Porque la Hamilton Watch Company se dio cuenta de algo muy importante: la mayoría de la gente en realidad no quiere un reloj herramienta. Quieren la sensación de ser alguien que podría, en teoría, necesitar un reloj herramienta si la vida se convirtiera de repente en un escenario de supervivencia ligeramente guionizado. El Khaki Field entrega esa sensación con eficiencia. Un Timex también serviría, pero es demasiado barato como para que te encariñes con él.
Parece que te lo entregó un gobierno que respeta la puntualidad. Es limpio, legible, sencillo y agresivamente poco romántico de una forma que, de algún modo, lo hace más romántico. Sin diamantes. Sin fantasías de regatas de yates. Sin tonterías de “herencia” con aristócratas que sin duda no usaban bien los relojes de pulsera.
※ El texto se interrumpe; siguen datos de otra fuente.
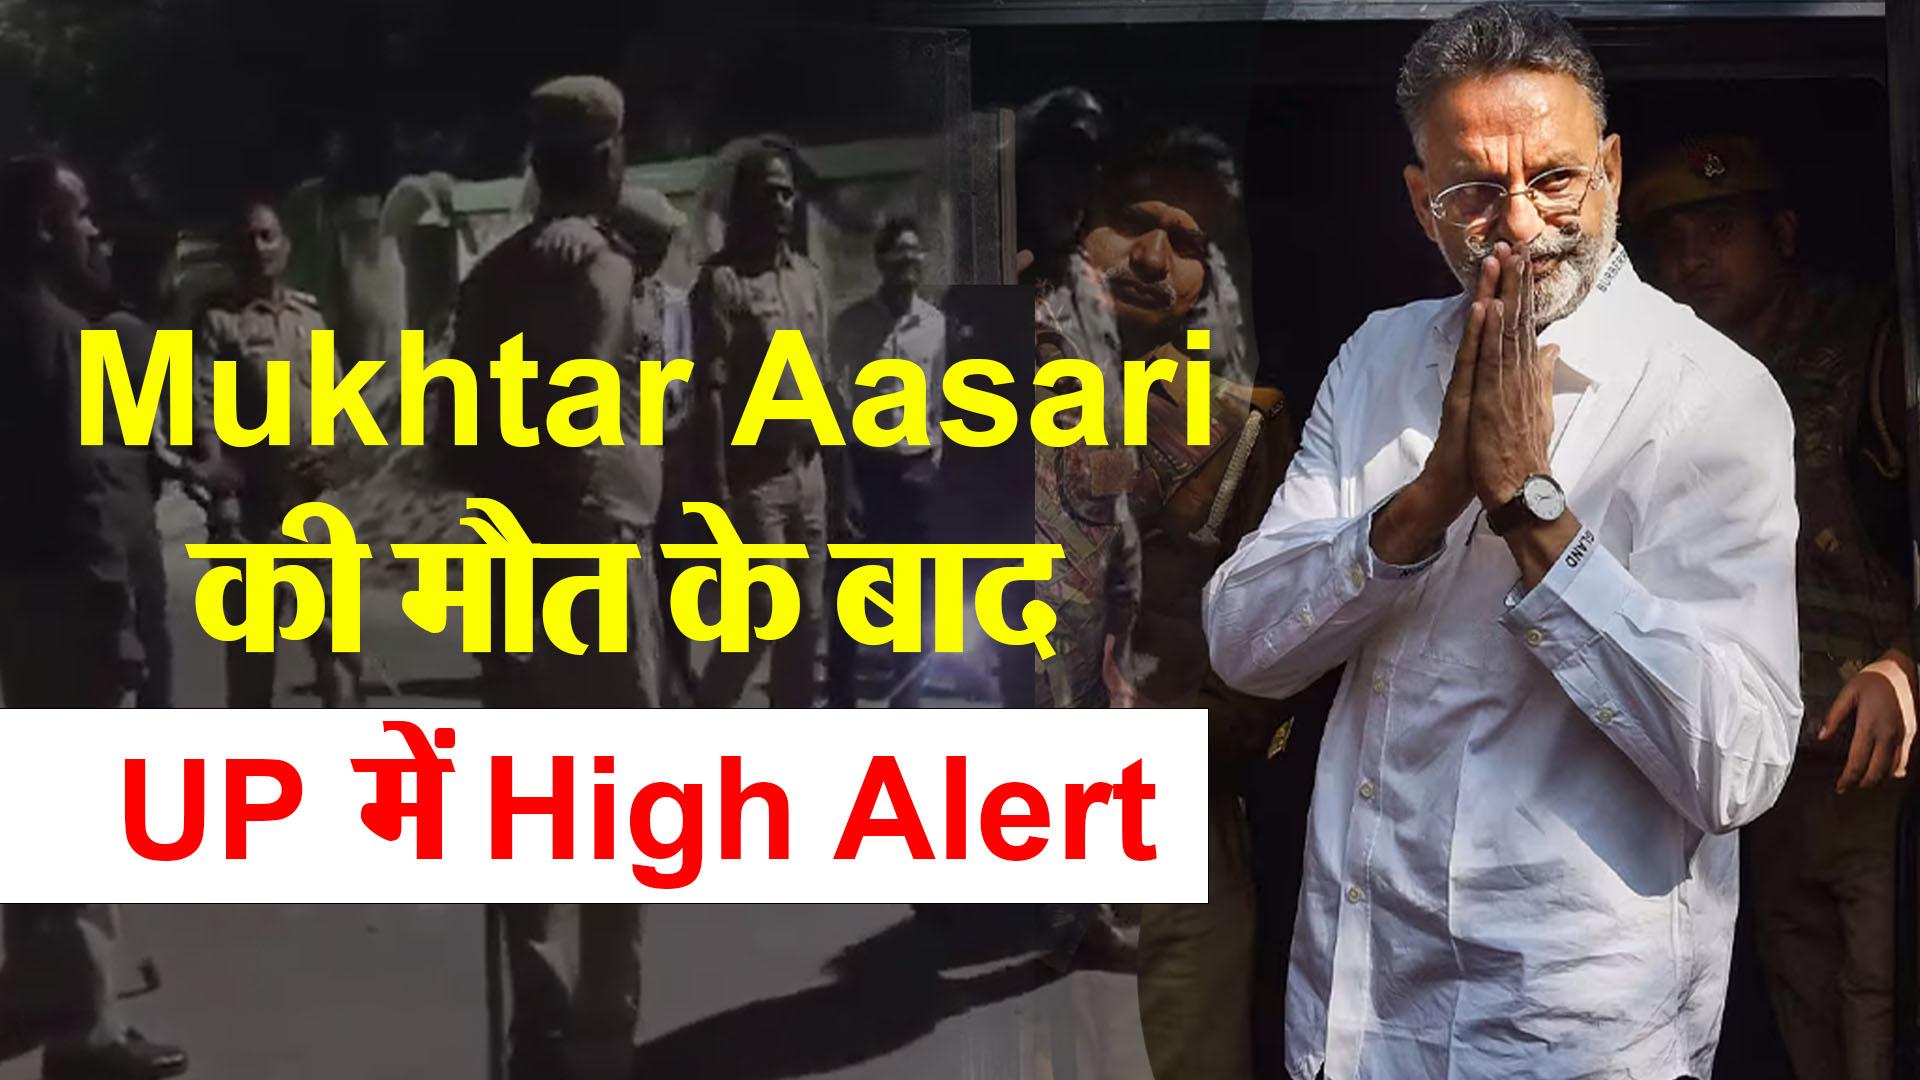 लखनऊ: Mukhtar Ansari की मौत के बाद UP में High Alert, ADG अमिताभ यश बोले- प्रदेश में शांति कायम
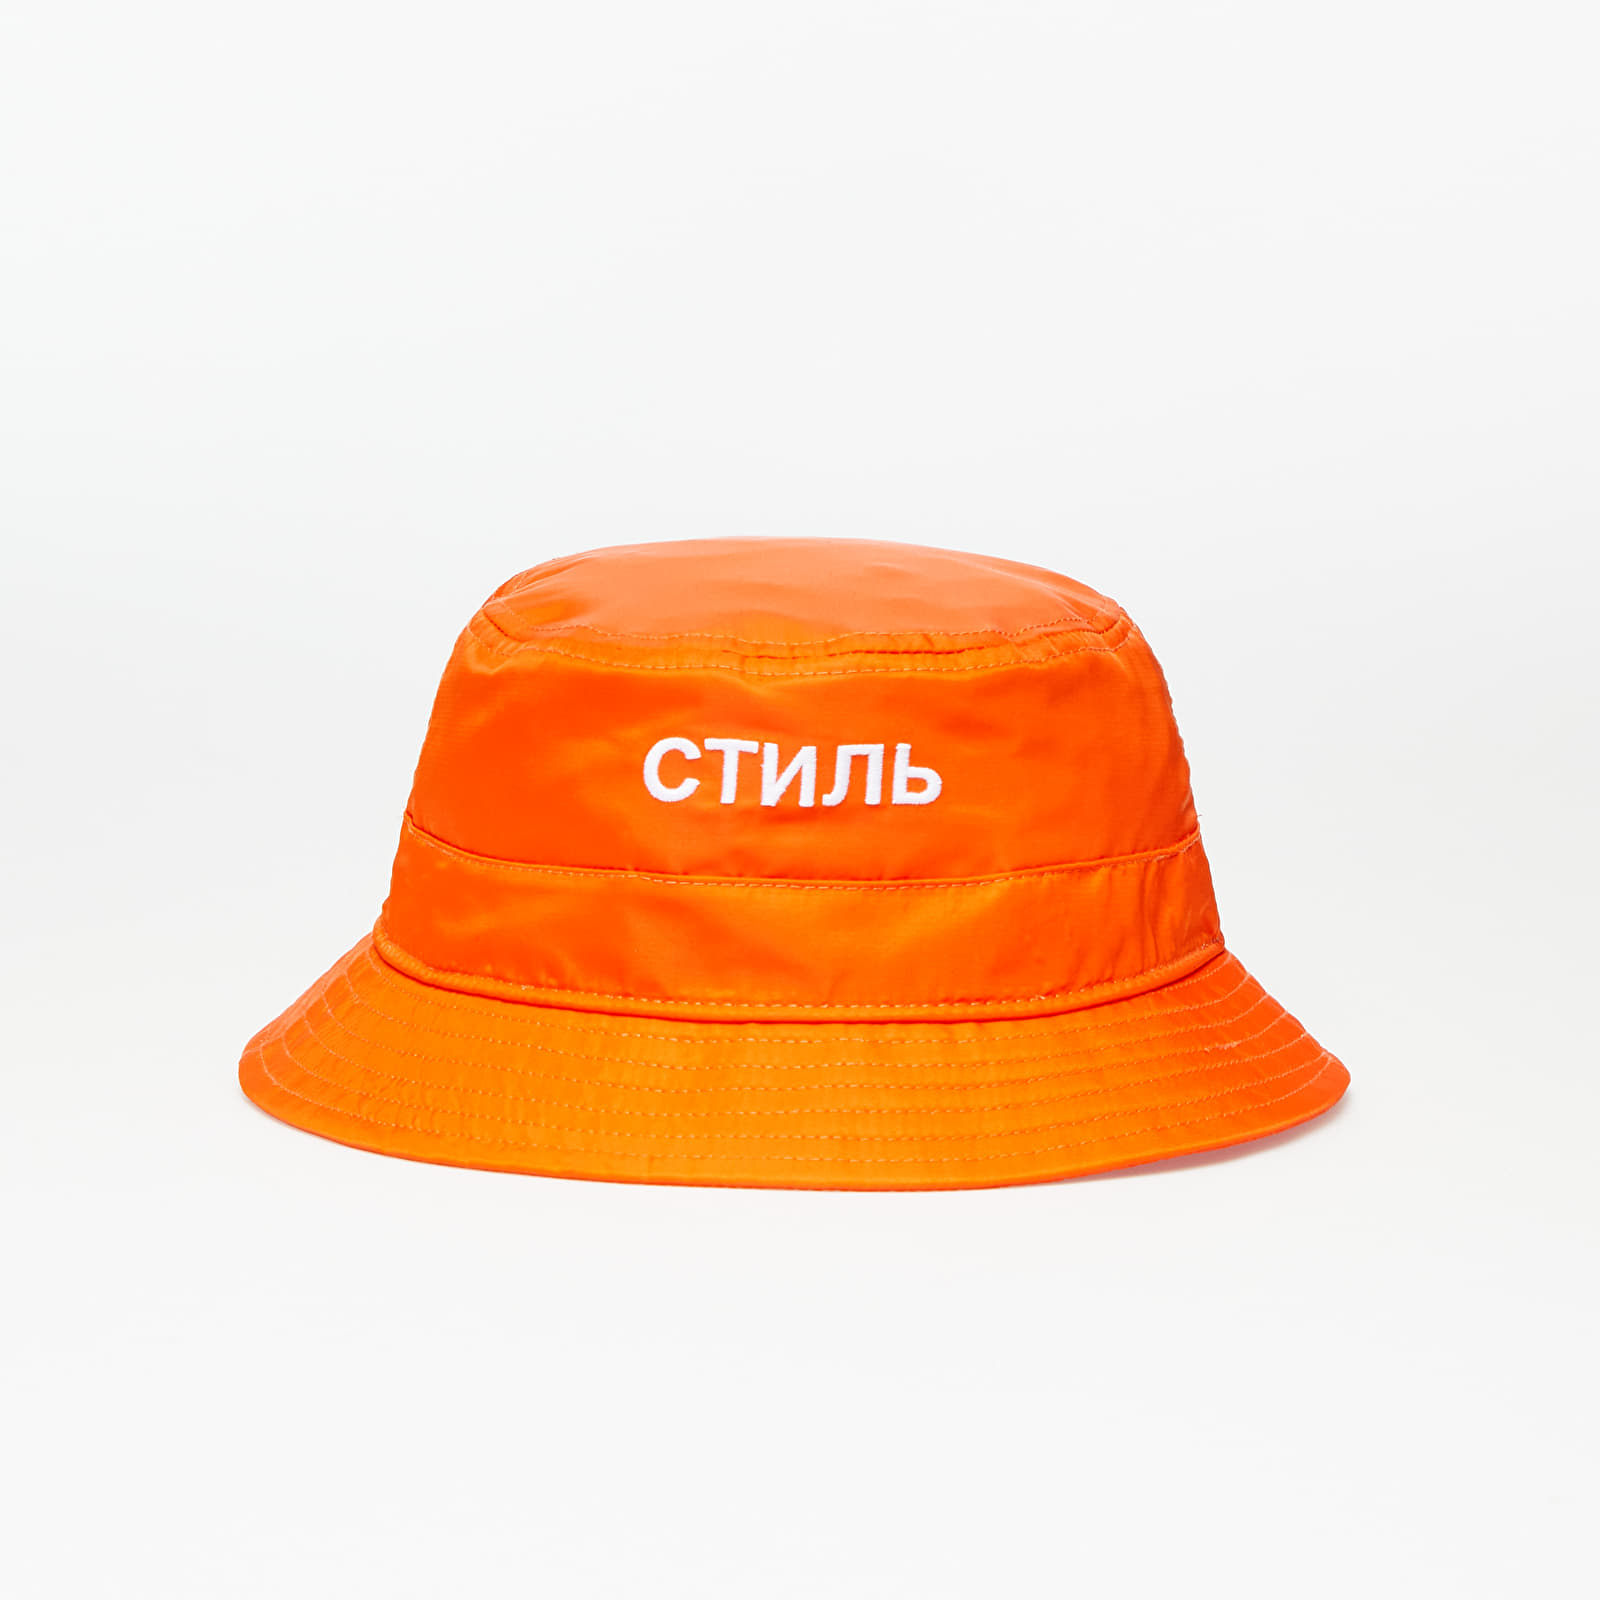 Бъкет шапки HERON PRESTON Ctnmb Bucket Hat Orange/ White 1247044

Solo: números, agujas, correa, función.
Por eso los dueños del Khaki Field suelen desarrollar un arco de identidad muy específico. Empieza con “quería algo simple”. Luego rápidamente se vuelve “aprecio la historia militar”. Después, sin previo aviso, de algún modo sienten que su plan de ingeniería a 3 años para reducir el trabajo contable manual en un 20 % en realidad implica asaltar Normandía.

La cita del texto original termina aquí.